● Exercise objective
Repeat only the lines below from the one containing "11 produk yang" through the one containing "3- x 5- Denim", inclusive, exactly as written.

● Record set

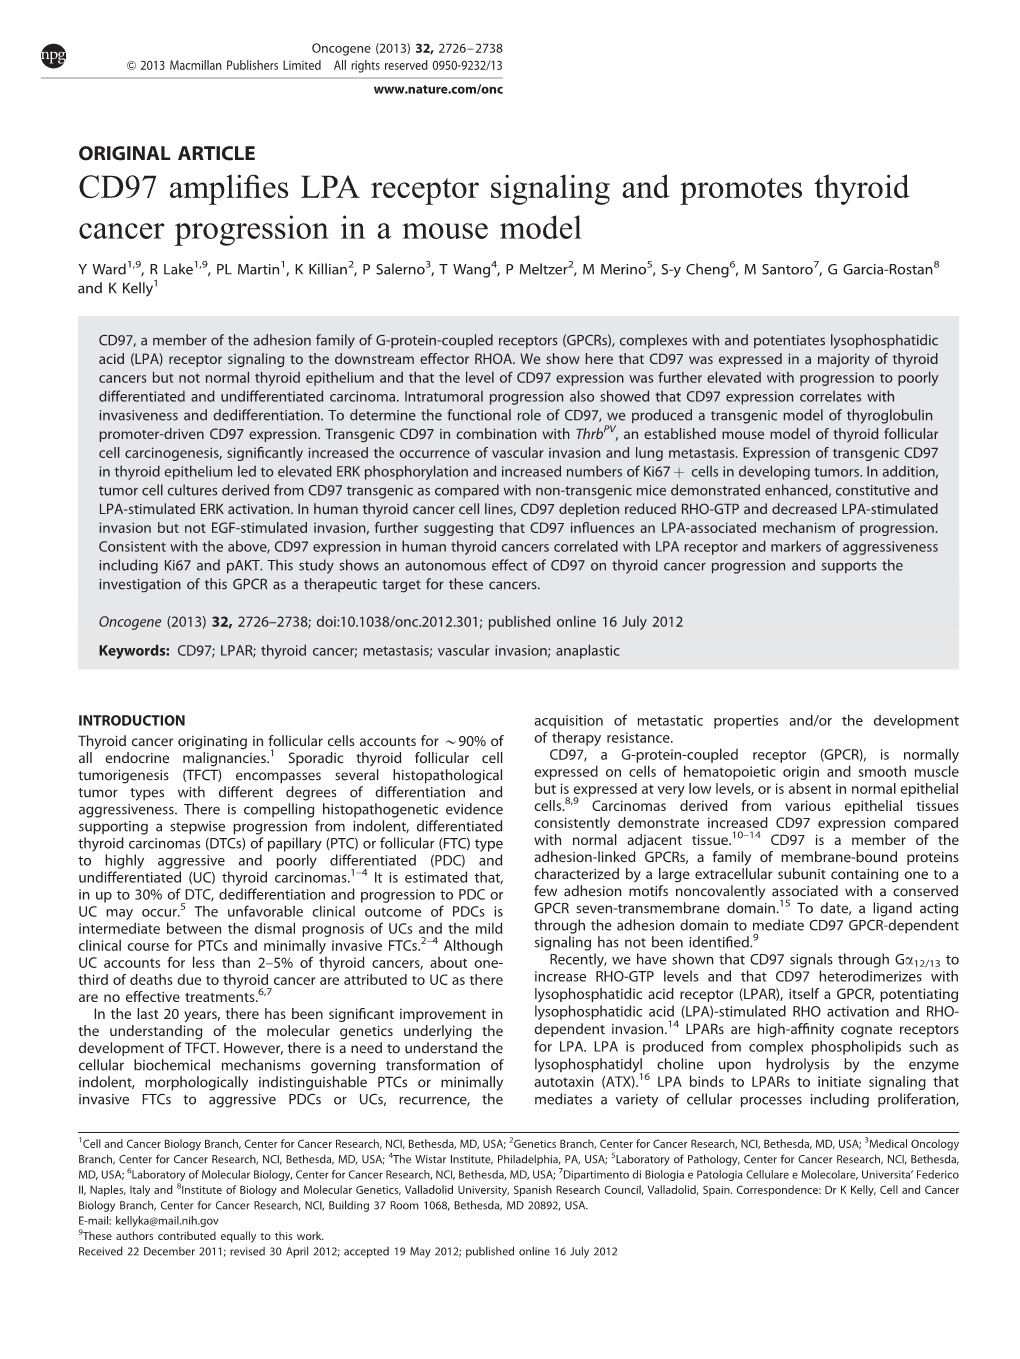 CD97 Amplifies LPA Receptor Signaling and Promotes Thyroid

==

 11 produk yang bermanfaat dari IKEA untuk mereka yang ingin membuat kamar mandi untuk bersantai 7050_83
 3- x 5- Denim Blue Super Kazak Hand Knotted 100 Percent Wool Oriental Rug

...

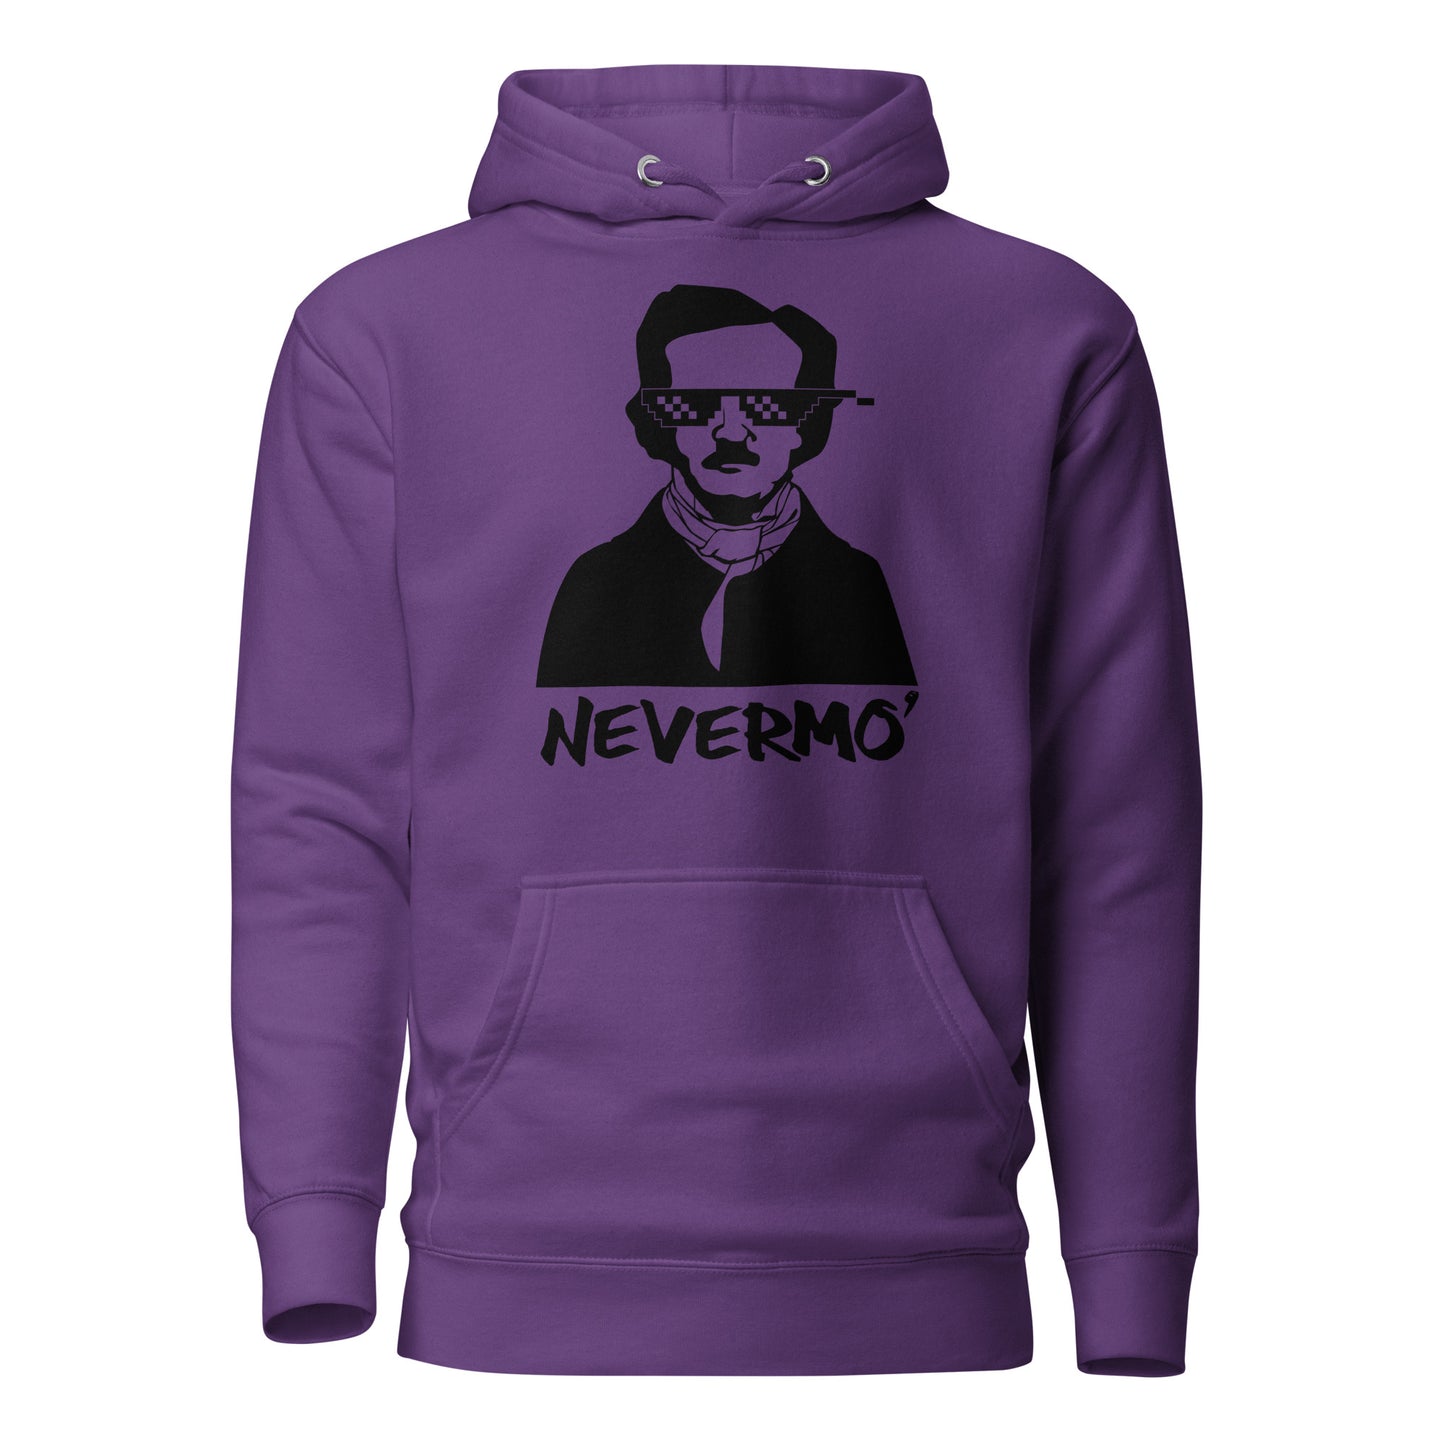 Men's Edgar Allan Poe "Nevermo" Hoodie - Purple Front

● Task answer
 11 produk yang bermanfaat dari IKEA untuk mereka yang ingin membuat kamar mandi untuk bersantai 7050_83
 3- x 5- Denim Blue Super Kazak Hand Knotted 100 Percent Wool Oriental Rug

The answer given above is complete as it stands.